Task details
Using the listing below, work out how many lines carry the word "Black", and state nothing but that number.

===== Data section

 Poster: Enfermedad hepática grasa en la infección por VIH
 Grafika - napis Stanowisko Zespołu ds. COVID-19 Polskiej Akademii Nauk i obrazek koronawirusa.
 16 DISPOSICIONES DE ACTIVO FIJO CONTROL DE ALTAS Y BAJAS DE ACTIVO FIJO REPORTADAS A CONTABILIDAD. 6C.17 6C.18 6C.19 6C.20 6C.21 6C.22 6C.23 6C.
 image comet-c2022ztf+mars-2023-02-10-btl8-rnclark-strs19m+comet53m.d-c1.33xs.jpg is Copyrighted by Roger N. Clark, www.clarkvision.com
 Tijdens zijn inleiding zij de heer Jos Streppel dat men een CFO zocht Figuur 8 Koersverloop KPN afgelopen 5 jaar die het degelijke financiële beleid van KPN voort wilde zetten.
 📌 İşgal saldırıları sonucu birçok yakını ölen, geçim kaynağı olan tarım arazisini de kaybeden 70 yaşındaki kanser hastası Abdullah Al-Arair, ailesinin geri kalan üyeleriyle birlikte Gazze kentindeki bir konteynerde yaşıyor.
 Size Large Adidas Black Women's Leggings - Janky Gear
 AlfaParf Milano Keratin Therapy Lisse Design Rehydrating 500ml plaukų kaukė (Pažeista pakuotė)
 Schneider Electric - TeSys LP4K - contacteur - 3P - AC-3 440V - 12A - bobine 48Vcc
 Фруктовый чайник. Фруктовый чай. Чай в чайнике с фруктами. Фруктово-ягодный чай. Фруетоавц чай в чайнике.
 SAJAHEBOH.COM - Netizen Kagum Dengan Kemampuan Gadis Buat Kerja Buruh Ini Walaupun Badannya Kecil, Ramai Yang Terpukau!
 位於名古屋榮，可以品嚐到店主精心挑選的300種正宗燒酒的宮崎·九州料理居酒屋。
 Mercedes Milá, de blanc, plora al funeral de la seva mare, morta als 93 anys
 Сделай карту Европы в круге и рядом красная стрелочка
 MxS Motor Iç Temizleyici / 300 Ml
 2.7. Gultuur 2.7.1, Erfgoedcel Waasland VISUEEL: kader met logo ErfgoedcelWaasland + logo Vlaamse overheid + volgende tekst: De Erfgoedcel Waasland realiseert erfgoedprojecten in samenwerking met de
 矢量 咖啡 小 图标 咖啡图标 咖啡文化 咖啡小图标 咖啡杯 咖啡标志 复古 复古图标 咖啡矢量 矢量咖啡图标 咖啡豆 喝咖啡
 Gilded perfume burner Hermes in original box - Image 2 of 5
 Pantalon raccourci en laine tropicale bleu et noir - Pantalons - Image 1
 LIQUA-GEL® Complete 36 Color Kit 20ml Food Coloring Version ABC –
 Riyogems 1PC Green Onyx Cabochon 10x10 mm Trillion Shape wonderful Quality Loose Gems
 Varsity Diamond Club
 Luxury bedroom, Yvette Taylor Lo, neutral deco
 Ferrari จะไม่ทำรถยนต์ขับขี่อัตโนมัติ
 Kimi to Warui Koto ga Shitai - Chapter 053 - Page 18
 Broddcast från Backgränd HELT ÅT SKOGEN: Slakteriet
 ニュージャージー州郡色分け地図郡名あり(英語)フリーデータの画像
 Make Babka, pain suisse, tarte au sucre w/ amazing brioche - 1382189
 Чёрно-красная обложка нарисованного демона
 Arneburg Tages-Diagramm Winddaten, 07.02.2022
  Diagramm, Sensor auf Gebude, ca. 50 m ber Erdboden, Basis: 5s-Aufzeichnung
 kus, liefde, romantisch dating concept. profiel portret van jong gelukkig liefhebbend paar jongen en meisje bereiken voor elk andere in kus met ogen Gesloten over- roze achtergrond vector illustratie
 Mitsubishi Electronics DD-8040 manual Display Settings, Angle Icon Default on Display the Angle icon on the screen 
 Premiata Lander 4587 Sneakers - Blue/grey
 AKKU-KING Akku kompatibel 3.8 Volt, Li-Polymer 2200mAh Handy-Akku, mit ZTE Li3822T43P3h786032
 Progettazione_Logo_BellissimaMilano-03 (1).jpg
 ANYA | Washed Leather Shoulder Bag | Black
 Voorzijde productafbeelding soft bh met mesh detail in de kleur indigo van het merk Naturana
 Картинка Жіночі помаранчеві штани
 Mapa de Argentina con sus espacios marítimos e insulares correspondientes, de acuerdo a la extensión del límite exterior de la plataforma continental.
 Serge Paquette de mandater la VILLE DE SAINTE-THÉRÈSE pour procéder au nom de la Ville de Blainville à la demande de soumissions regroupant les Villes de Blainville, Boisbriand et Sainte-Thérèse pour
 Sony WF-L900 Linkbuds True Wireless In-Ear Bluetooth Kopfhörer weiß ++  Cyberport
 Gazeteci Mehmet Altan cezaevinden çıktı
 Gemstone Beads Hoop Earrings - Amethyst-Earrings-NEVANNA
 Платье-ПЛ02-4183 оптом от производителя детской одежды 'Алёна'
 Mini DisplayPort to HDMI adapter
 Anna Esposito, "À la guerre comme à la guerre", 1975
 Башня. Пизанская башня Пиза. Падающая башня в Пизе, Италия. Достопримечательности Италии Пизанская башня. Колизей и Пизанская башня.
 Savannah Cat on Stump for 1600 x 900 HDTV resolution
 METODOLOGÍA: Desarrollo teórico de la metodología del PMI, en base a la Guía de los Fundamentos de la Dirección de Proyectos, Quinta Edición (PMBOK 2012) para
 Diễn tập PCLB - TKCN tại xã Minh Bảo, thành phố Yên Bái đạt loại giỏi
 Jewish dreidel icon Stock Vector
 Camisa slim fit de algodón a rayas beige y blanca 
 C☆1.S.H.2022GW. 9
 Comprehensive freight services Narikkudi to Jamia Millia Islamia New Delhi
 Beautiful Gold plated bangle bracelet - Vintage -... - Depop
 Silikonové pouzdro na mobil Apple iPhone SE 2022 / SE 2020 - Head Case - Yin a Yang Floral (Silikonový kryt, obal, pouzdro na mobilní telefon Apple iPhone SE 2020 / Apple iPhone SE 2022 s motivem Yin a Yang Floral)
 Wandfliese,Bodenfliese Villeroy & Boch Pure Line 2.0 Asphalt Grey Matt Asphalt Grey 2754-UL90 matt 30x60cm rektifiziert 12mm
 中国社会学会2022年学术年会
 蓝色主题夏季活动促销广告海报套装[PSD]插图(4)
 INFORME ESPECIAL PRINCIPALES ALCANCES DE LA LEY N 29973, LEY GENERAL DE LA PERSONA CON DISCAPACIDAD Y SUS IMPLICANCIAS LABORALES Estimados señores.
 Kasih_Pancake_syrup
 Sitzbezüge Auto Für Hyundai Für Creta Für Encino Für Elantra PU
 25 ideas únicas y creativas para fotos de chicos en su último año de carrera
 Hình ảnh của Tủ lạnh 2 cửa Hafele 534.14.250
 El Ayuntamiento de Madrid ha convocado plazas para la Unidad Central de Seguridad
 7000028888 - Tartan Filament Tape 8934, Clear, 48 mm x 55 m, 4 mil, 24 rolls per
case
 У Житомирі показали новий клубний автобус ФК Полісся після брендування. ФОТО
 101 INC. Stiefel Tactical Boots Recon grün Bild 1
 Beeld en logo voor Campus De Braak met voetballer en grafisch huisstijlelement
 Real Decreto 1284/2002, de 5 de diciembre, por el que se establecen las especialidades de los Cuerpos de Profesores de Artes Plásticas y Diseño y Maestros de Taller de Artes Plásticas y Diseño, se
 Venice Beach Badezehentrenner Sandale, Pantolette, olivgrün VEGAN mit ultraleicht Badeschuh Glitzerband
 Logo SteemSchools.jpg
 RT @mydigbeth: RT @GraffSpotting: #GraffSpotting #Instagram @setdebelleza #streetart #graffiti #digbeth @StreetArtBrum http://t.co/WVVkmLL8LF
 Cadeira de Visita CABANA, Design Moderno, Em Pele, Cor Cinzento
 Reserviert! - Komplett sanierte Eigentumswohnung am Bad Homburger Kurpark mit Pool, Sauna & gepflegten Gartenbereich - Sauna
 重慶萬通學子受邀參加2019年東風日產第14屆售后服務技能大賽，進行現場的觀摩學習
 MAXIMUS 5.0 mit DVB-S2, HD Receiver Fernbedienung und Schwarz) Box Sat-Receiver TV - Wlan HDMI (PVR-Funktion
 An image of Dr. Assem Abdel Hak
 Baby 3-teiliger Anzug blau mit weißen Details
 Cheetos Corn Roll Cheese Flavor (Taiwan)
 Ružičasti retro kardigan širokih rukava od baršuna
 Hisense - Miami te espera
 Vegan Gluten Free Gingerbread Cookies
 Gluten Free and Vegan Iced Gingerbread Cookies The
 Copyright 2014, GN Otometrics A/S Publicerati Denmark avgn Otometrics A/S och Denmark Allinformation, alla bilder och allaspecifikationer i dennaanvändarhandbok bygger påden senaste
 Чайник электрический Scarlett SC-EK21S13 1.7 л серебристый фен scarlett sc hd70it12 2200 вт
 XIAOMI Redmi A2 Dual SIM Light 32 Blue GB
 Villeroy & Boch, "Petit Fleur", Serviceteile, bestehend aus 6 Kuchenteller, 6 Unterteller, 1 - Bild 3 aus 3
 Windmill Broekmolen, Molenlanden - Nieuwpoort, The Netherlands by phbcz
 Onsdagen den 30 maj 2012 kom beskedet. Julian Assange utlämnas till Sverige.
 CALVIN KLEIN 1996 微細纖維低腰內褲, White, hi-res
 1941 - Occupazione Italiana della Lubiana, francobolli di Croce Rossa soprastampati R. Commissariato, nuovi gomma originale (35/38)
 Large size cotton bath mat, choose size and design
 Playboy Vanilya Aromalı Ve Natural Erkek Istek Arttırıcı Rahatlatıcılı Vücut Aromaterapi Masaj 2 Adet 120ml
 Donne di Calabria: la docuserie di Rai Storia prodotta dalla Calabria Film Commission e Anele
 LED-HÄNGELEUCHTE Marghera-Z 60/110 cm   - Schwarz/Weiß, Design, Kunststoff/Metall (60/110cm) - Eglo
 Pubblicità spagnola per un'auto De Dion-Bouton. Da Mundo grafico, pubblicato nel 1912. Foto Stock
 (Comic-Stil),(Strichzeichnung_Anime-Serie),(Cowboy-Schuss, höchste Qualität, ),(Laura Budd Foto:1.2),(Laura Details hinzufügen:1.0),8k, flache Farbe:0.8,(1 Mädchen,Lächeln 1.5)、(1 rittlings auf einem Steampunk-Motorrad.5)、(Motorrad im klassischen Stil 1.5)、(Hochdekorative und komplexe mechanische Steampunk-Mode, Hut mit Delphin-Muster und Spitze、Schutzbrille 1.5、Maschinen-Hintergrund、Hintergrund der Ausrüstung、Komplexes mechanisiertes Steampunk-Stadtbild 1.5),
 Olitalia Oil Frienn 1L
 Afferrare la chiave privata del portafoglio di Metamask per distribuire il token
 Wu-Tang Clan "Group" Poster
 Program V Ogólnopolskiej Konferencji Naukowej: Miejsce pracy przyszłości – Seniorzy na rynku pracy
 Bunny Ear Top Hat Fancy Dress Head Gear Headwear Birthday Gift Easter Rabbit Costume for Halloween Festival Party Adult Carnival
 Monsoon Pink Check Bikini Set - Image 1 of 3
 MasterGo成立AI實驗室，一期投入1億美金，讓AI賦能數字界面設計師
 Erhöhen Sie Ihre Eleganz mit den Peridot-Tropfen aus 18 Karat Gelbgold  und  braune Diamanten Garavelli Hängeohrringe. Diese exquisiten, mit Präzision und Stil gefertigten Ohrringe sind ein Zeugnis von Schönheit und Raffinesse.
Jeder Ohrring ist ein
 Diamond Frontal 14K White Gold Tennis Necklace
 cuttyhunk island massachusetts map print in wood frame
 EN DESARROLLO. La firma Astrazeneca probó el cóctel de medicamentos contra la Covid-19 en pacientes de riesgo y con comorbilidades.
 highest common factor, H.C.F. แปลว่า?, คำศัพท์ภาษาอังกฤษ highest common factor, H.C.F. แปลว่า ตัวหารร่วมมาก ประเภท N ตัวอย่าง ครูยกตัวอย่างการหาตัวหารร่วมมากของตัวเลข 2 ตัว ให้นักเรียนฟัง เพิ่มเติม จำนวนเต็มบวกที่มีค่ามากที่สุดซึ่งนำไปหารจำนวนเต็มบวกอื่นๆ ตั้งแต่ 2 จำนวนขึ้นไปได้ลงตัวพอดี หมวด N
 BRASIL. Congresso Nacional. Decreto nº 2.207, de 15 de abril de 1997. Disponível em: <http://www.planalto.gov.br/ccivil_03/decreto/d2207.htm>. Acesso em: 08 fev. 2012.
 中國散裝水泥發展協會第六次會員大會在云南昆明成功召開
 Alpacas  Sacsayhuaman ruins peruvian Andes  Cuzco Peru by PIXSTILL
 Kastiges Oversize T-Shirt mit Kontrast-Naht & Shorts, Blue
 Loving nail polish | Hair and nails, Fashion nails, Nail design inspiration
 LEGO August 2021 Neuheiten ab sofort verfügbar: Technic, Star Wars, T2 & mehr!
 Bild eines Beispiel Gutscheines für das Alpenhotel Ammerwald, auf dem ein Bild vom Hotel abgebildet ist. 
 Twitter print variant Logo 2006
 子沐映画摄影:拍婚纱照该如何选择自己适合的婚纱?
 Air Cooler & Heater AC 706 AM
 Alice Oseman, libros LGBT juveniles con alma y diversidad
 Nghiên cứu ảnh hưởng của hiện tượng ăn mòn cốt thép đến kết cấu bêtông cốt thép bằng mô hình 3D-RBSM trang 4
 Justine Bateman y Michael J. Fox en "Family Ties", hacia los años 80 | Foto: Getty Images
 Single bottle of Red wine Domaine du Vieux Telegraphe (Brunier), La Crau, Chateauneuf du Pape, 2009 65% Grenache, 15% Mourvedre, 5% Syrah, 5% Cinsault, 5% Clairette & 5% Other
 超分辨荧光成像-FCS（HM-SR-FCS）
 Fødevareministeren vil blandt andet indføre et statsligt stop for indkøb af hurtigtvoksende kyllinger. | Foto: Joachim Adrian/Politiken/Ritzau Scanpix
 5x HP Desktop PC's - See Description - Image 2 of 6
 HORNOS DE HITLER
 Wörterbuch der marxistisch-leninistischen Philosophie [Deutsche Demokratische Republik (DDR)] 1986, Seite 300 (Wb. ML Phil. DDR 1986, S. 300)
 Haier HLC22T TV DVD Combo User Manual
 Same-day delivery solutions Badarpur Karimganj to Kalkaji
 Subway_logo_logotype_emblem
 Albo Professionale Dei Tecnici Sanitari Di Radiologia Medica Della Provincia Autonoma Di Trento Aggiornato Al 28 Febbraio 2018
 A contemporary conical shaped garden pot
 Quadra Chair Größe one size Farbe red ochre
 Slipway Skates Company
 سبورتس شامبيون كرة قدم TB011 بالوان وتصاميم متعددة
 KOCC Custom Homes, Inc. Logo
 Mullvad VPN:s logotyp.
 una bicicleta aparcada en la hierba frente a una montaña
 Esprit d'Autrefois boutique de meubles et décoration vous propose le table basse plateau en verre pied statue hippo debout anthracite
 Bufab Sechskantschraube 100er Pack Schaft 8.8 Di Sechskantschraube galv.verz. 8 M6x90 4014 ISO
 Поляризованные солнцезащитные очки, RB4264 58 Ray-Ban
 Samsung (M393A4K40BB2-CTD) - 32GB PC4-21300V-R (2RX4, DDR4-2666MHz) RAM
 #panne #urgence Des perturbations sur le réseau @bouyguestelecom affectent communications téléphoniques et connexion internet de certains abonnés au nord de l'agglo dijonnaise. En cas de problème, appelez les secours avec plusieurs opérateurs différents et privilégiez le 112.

==========

Result for this task
2